在通过feature_sampling提取特征后，将得到的output首先和attention_weigth相乘，然后连续三个sum(-1)，将不同相机，不同尺度的feature直接相加，将这些特征都融合再一起，再通过一个out_proj的线性层，将这些特征转换到与query相同的维度，最后的输出就是提取到的特征和原始的query以及reference_points3d的位置编码的和。

在经过每一层的decoder layer之后，会有一个回归分支来预测bbox,会根据预测出的bbox来更新reference point

整个Detr3DTransformerDecoder的代码如下：

  		output = query
        intermediate = []
        intermediate_reference_points = []
        for lid, layer in enumerate(self.layers):
            reference_points_input = reference_points
            # 由此进入DetrTransformerDecoderLayer
            # 返回的output为[900,1,256]
            output = layer(
                output,
                *args,
                reference_points=reference_points_input,
                **kwargs)
            output = output.permute(1, 0, 2)
			
            if reg_branches is not None:
                tmp = reg_branches[lid](output)
                
                assert reference_points.shape[-1] == 3

                new_reference_points = torch.zeros_like(reference_points)
				# x y
                new_reference_points[..., :2] = tmp[
                    ..., :2] + inverse_sigmoid(reference_points[..., :2])
                 # z
                new_reference_points[..., 2:3] = tmp[
                    ..., 4:5] + inverse_sigmoid(reference_points[..., 2:3])
                
                new_reference_points = new_reference_points.sigmoid()

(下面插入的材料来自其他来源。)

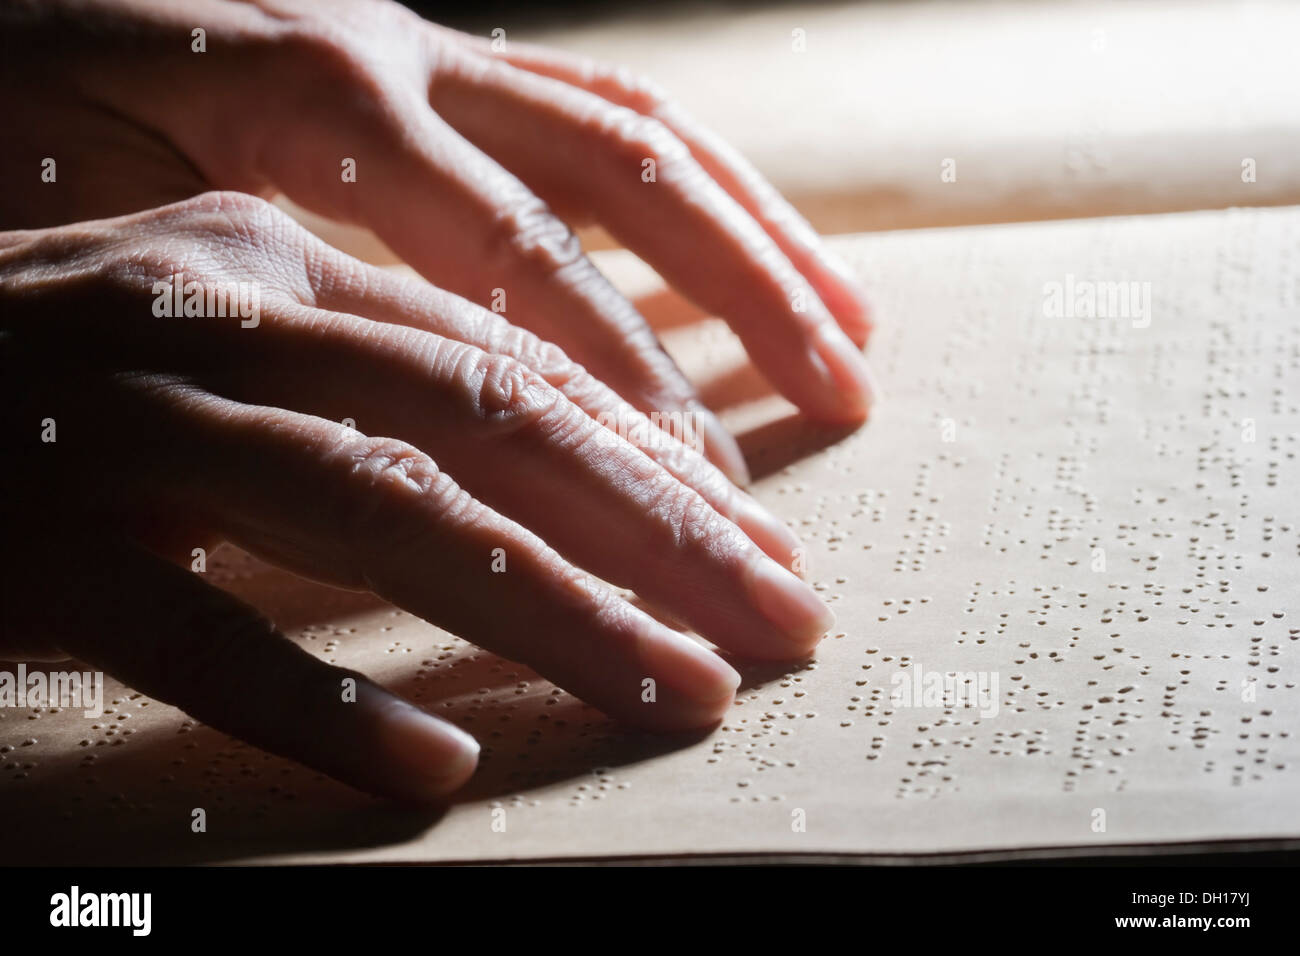 Close up of Hispanic person reading Braille Stock Photo

                reference_points = new_reference_points.detach()

            output = output.permute(1, 0, 2)
            if self.return_intermediate:
                intermediate.append(output)
                intermediate_reference_points.append(reference_points)

        if self.return_intermediate:
            return torch.stack(intermediate), torch.stack(
                intermediate_reference_points)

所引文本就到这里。